Bagasse is a by-product of the sugarcane liquid extraction process. Bagasse is one of the sources of biomass, whose utilization is currently mostly only as fuel in steam boilers, as raw materials of paper, or as a source of animal feed. The bagasse used is bagasse which has undergone the fifth milling process from the process of sugar (Figure 5) [11].

Figure 5.

Sugar cane—Bagasse [11].

Bagasse mostly contains lignocellulose. The fiber length is between 1.7 and 2 mm with a diameter of about 20 μm. Bagasse contains 48–52% water, average sugar is 3.3%, and average fiber is 47.7%. Bagasse fiber is insoluble in water and consists mainly of cellulose, pentose, and lignin.
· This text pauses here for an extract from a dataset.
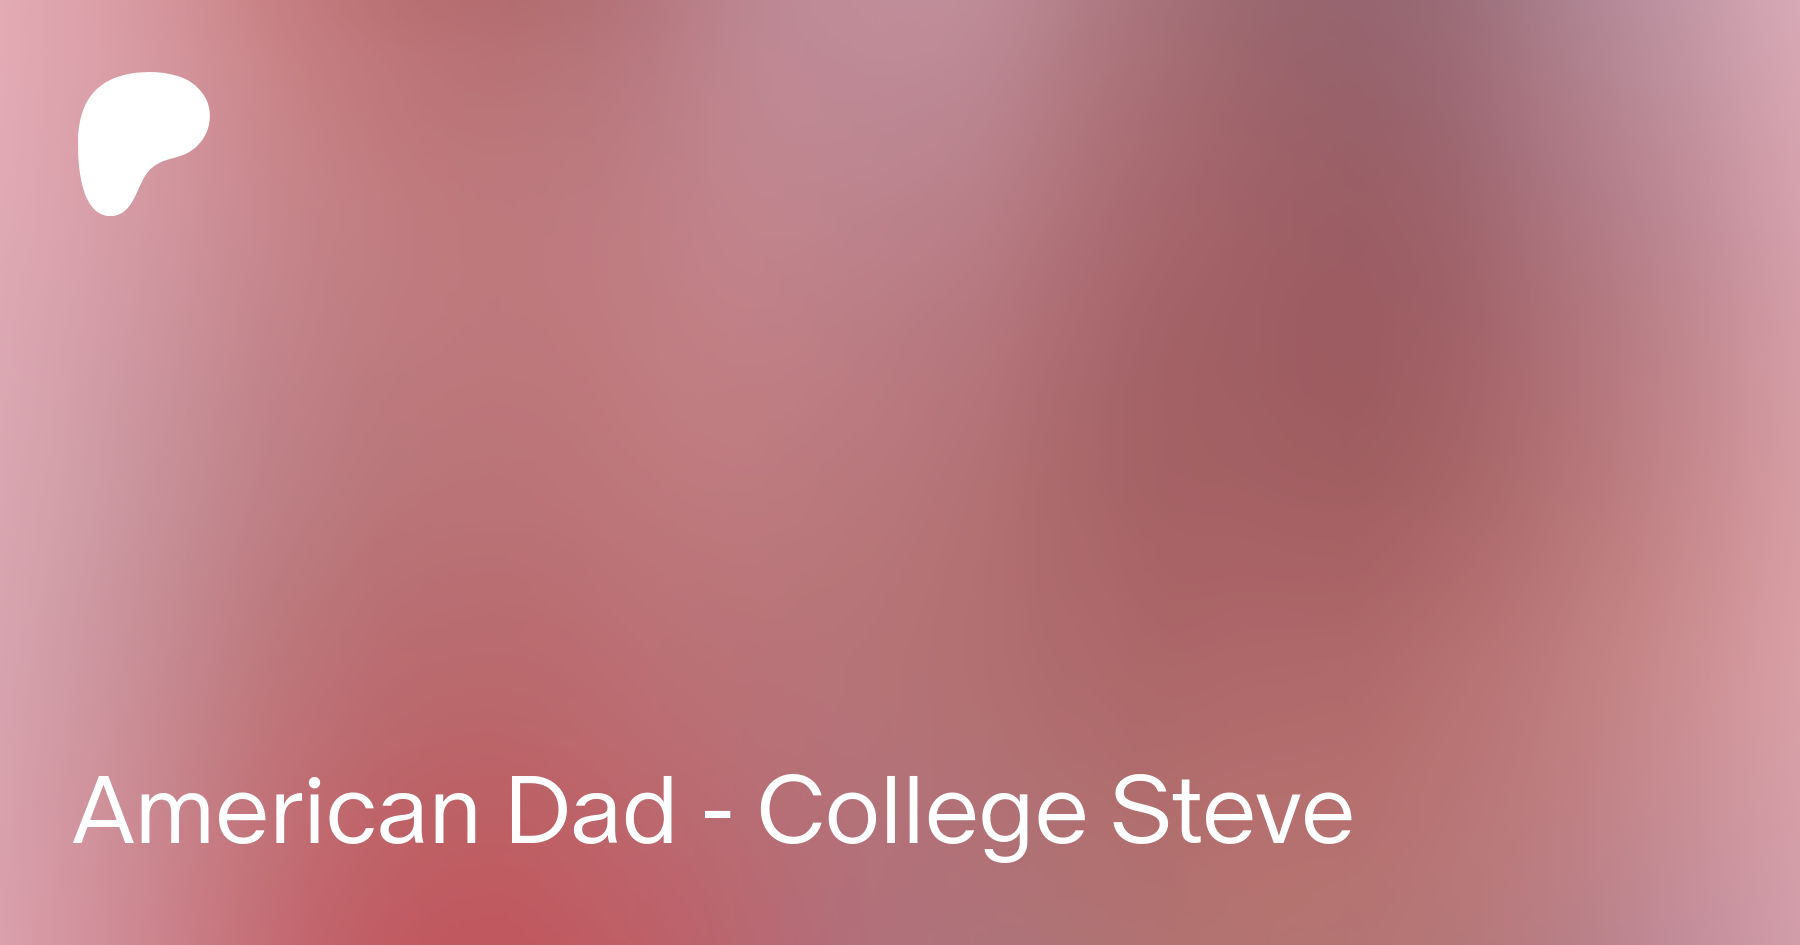 College Steve - Spageta 
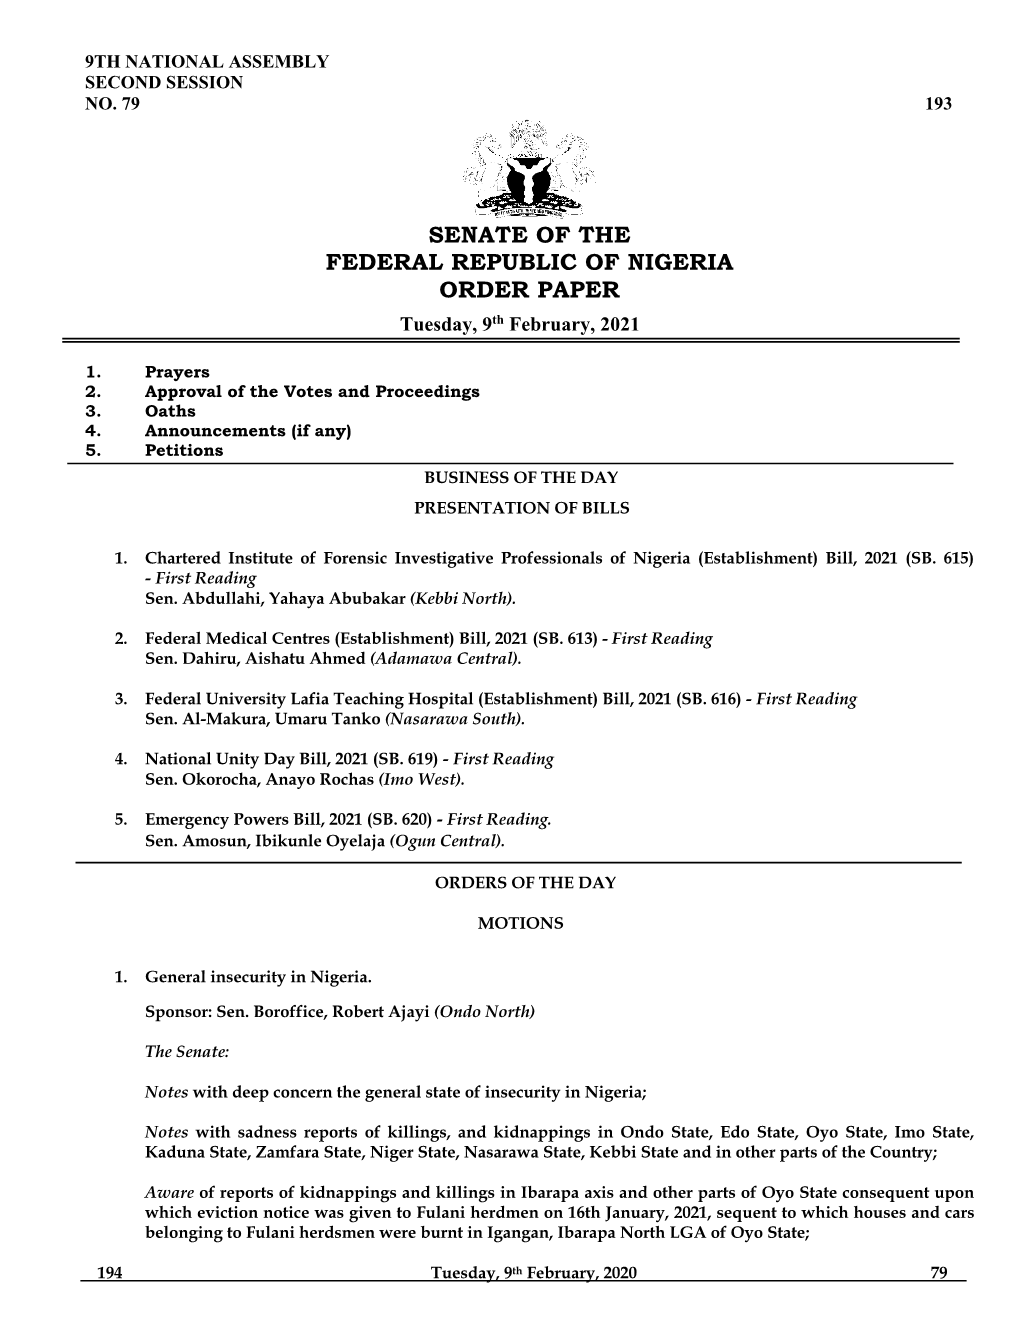 Senate Order Paper Tuesday, 9Th February, 2021

Based on chemical analysis, the average bagasse has a chemical composition, namely, ash 3.28%, lignin 22.09%, cellulose 37.65%, juice 1.81%, pentosan 27.97%, and SiO2 3.01% [6].

The process of bagasse becomes lignosulfonate starting from the separation of lignin from bagasse and then reaction with sodium bisulfite to sodium lignosulfonate. The processing of bagasse to produce lignosulfonate was initially performed by isolation of lignin and the isolated lignin transformed into sodium lignosulfonate by sulfonation process. The process is using reflux equipment with a condenser and bagasse at 80 mesh in size. The lignin isolation process uses reflux for 4 h, with sodium hydroxide reagent. The lignin produced was then processed into lignosulfonate using sodium bisulfite reagent and refluxed for 4 h [11].

Before use as laboratory-scale injection fluid, the SLS surfactant synthesized from bagasse was tested for its characteristics to match the fluid and reservoir rocks to be injected. A variation of surfactant concentration and variation of formation water salinity were used. The SLS surfactant synthesized from bagasse is injected into a 20% porosity and 100–500 mD Berea cores containing synthetic brine and light crude oil. The injection process with bagasse SLS surfactant has been carried out with variations in various proportions of salinity and surfactant concentration, as stated in Table 3.

No.Surfactant composition
15000 ppm—1.5%
210,000 ppm—1.5%
310,000 ppm—3.0%
420,000 ppm—1.5%
520,000 ppm—4.5%
640,000 ppm—1.5%
740,000 ppm—4.0%
880,000 ppm—1.5%
980,000 ppm—4.5%

Table 3.

Surfactant composition of concentration and salinity [11].

The core injection process uses a surfactant solution of 1.5, 3.0, 4.0, and 4.5% with salinity of 5000, 10,000, 20,000, 40,000, and 80,000 ppm. The core injection uses core flood apparatus with Berea core synthesis in the core holder, shown in Figure 6. The core injection process consists of two stages: water injection and sodium lignosulfonate surfactant injection [11].

Figure 6.

Core flood apparatus [11].

Before surfactant injection, cores were saturated with formation water using a vacuum system, until 100% saturated. Formation water is injected into the core with a variation of the flow rate, 0.5, 0.75, 1.0, and 1.5 cc/min, so that the core is filled with formation water. From this stage, effective water permeability (Kw) data will be obtained. In the next stage, crude oil is injected into the core with a variation of flow rate, 0.25, 0.5, 1.0, 1.5, and 2.0 cc/min, so the formation water is pushed out, and the core is filled with crude oil. From this stage, effective oil permeability (Ko) and connate water saturation (Swc) can be measured.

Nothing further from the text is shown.